## Work to complete
Would you repeat the listing below verbatim and drop the images?

## Data below
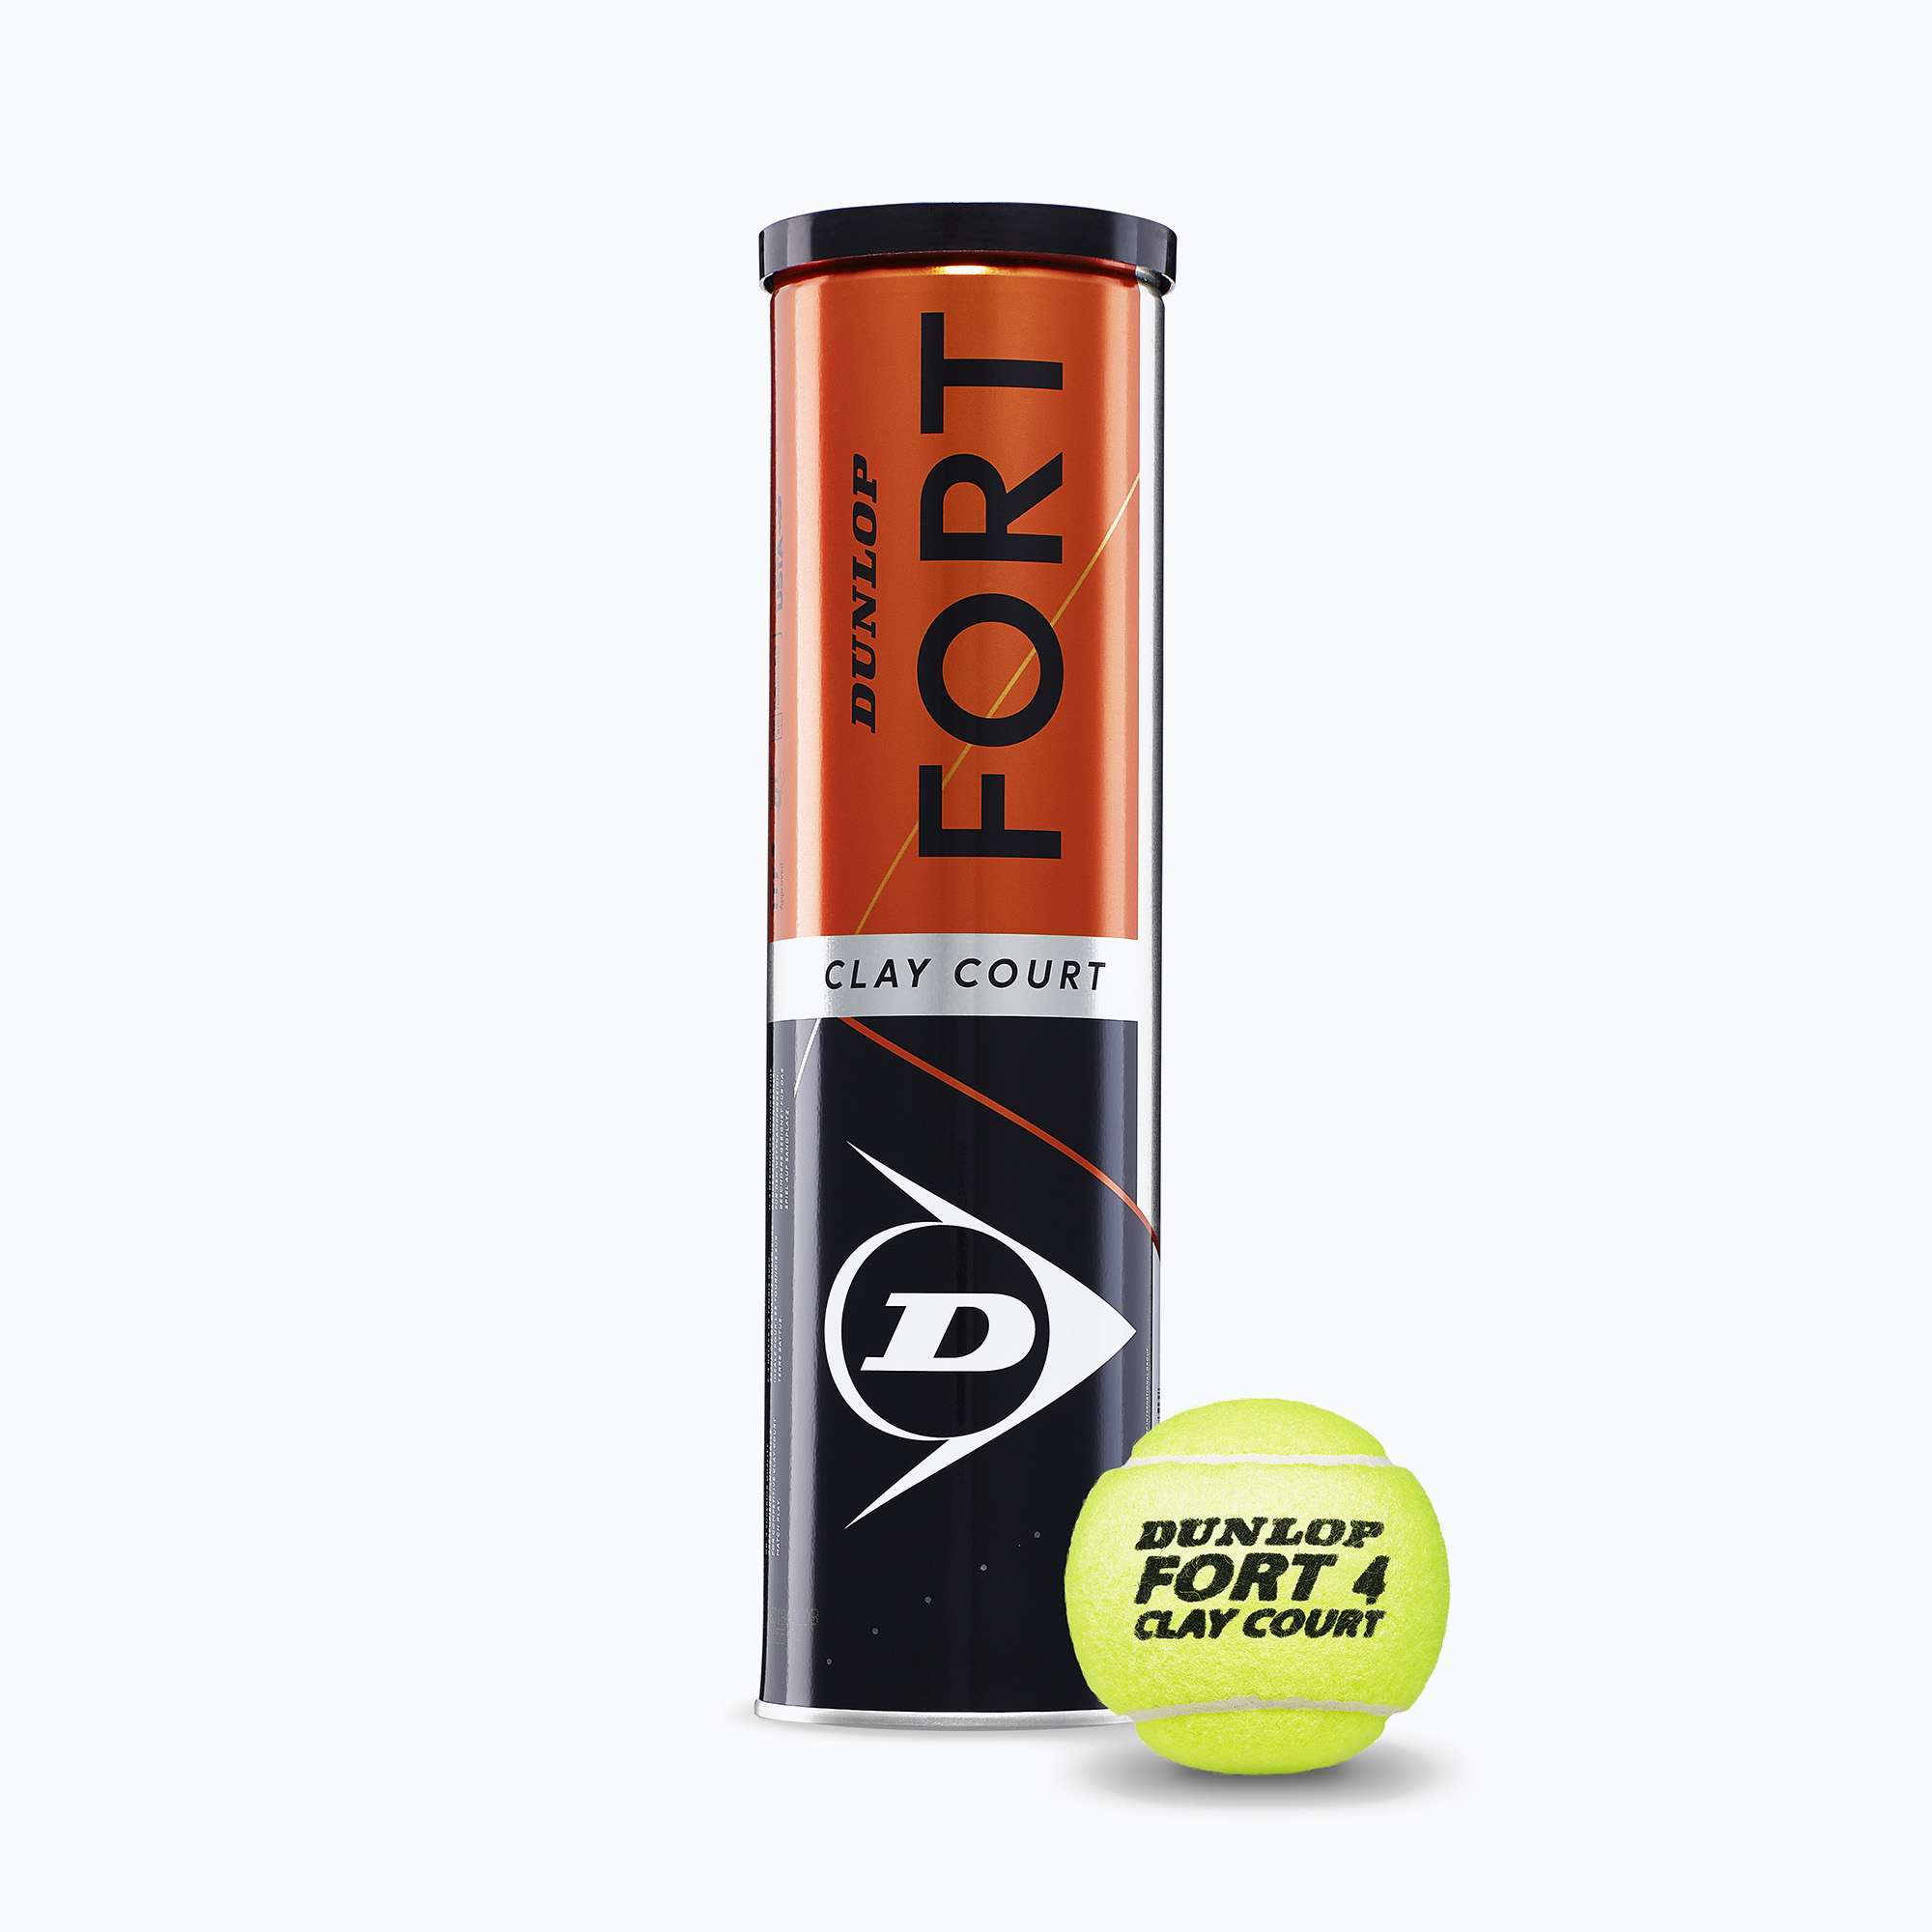 Dunlop Fort Clay Court топки за тенис 4B 18 x 4 бр. жълти 601318
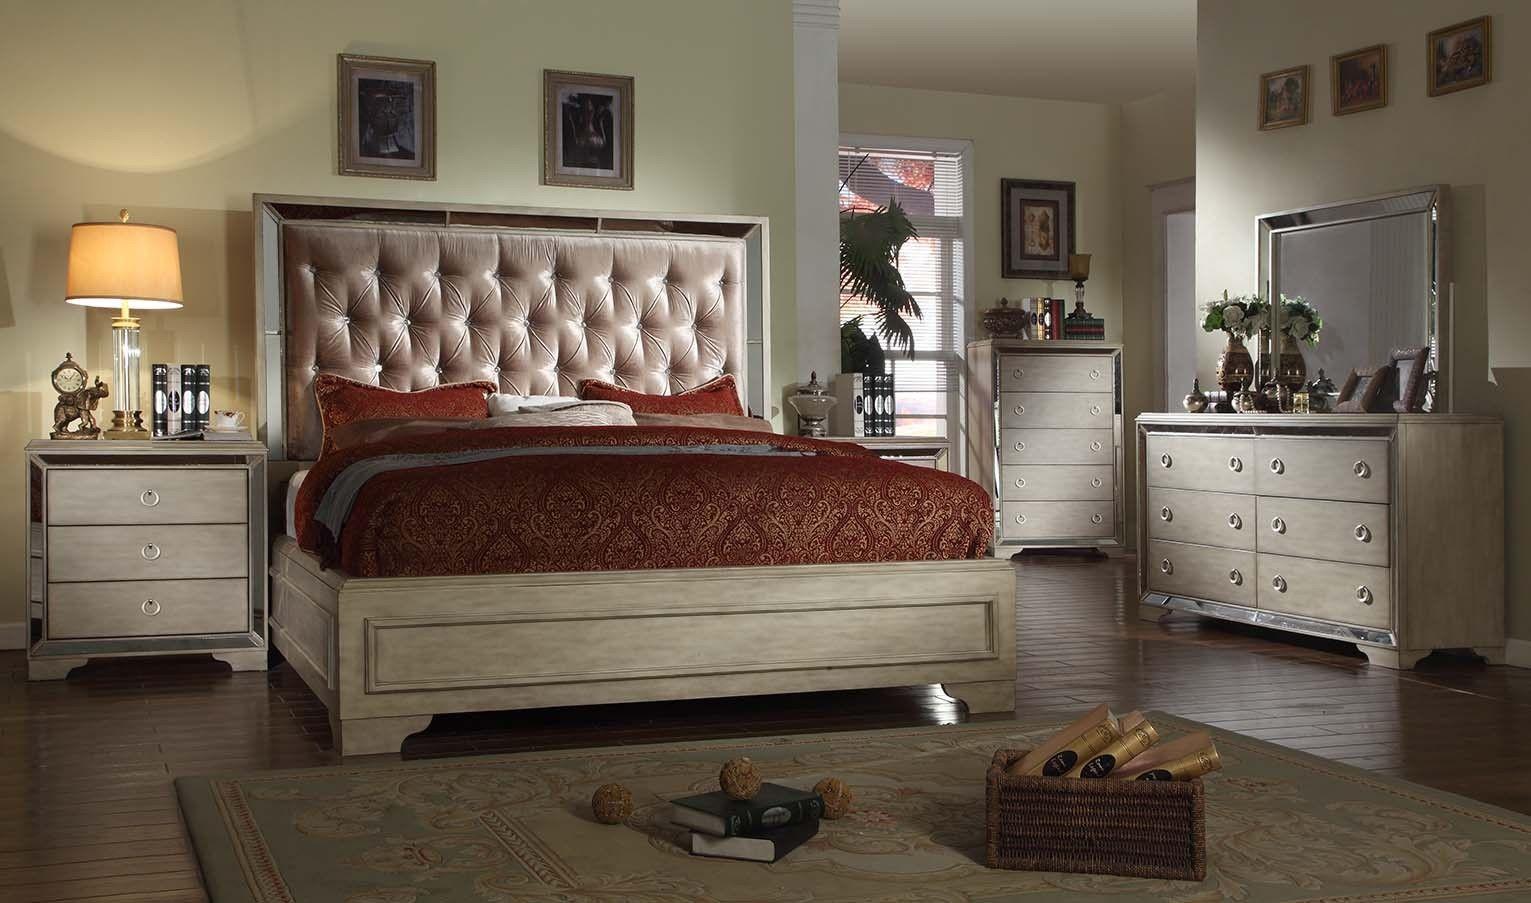 McFerran Furniture Imperial B9805 Platform Bedroom Set
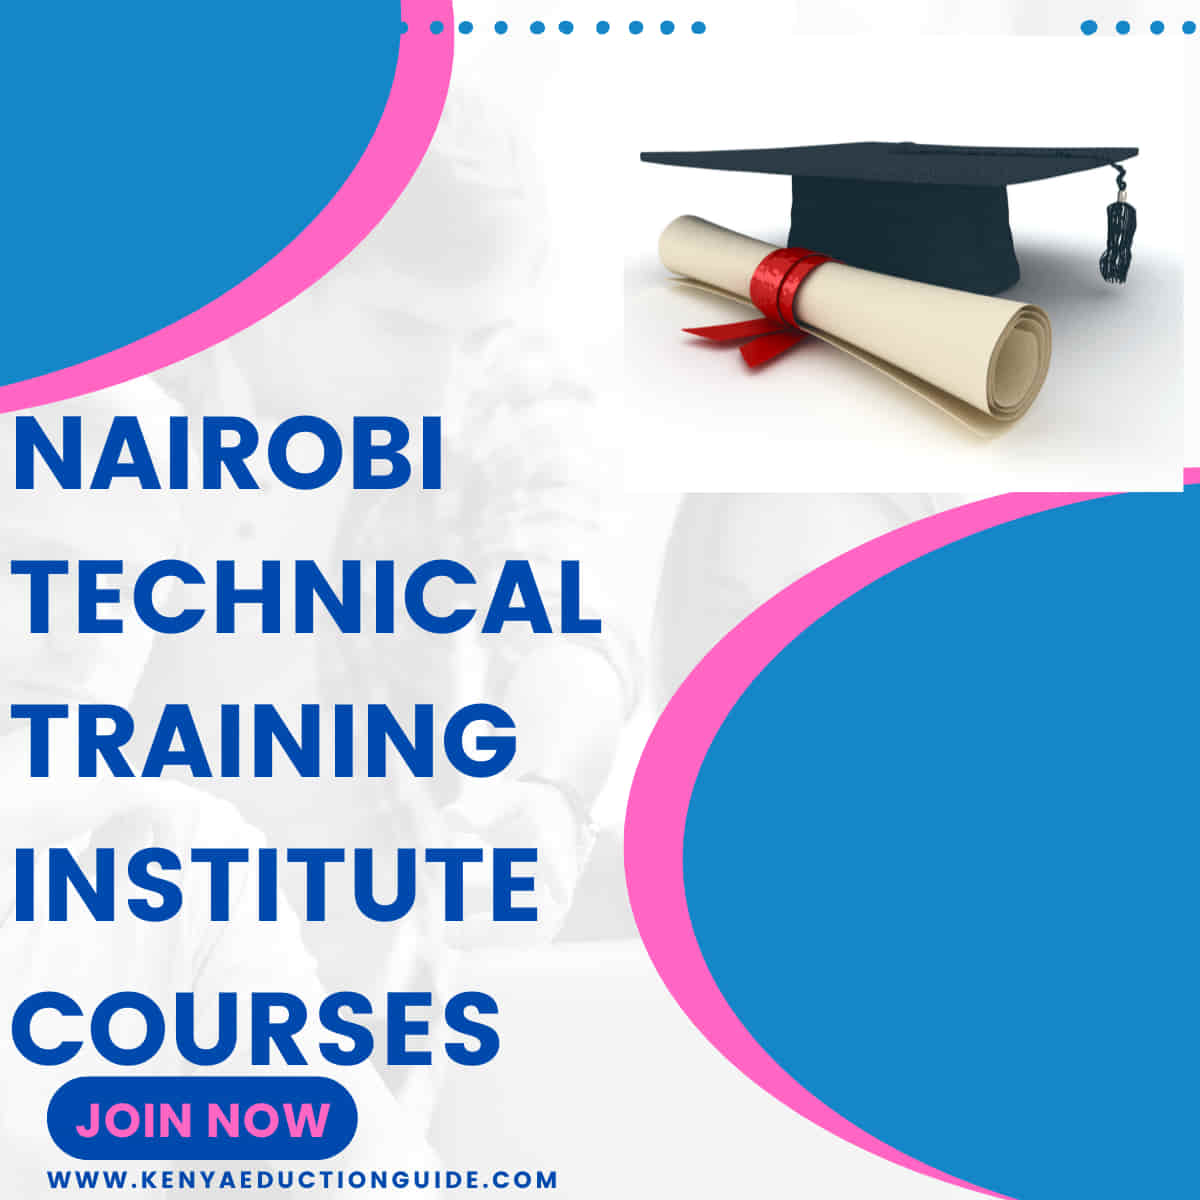 Nairobi technical training institute courses

## Answer for the task
 Dunlop Fort Clay Court топки за тенис 4B 18 x 4 бр. жълти 601318
 McFerran Furniture Imperial B9805 Platform Bedroom Set
 Nairobi technical training institute courses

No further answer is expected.